*** Opening Records provided ***
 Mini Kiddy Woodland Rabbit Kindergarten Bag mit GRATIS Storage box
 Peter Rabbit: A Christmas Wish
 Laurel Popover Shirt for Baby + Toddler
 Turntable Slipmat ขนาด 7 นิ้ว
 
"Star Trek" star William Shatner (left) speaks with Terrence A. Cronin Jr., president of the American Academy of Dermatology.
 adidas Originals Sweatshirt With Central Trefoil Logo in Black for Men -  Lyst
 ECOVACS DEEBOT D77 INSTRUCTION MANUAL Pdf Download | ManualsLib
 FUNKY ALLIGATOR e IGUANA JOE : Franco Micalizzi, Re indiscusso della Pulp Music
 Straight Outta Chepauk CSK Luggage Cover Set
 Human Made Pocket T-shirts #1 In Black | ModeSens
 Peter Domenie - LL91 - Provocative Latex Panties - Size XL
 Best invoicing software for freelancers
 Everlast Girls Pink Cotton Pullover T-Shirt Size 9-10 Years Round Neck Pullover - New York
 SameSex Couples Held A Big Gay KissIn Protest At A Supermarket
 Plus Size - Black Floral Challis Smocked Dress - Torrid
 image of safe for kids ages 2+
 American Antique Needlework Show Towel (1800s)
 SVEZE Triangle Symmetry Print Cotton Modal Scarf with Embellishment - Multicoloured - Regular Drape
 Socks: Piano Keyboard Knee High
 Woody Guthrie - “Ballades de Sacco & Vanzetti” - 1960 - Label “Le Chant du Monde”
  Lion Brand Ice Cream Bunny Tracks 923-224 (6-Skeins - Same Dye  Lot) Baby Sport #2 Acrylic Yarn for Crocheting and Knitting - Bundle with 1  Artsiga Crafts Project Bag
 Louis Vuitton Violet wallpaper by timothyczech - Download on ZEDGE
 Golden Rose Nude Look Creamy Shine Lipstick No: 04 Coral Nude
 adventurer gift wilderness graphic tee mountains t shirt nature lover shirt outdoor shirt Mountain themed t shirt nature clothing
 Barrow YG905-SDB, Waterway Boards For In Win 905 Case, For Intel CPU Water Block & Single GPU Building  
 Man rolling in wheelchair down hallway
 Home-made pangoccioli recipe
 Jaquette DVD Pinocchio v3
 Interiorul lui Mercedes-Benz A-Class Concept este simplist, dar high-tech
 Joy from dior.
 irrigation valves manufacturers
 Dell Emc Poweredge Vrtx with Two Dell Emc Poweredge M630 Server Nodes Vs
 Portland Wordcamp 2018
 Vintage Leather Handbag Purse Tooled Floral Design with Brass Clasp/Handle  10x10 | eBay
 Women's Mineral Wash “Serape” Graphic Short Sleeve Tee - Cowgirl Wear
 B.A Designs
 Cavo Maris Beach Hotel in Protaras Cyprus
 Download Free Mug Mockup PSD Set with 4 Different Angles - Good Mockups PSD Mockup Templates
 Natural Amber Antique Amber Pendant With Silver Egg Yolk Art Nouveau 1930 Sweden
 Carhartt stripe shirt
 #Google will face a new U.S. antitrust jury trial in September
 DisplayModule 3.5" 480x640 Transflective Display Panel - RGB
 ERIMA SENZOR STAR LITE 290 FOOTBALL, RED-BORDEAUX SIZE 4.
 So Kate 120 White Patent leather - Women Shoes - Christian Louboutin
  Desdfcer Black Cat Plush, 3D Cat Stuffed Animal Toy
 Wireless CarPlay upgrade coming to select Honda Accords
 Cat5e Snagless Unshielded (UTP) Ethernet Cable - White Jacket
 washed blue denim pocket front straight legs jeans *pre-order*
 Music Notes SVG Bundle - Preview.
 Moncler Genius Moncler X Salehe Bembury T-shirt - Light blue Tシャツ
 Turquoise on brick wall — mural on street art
*** Closing Records provided ***
• **What you need to do**: Going from the line that contains "Wireless CarPlay upgrade" to the last line of the records, reproduce every line as written.

• **Response for this exercise**:
 Wireless CarPlay upgrade coming to select Honda Accords
 Cat5e Snagless Unshielded (UTP) Ethernet Cable - White Jacket
 washed blue denim pocket front straight legs jeans *pre-order*
 Music Notes SVG Bundle - Preview.
 Moncler Genius Moncler X Salehe Bembury T-shirt - Light blue Tシャツ
 Turquoise on brick wall — mural on street art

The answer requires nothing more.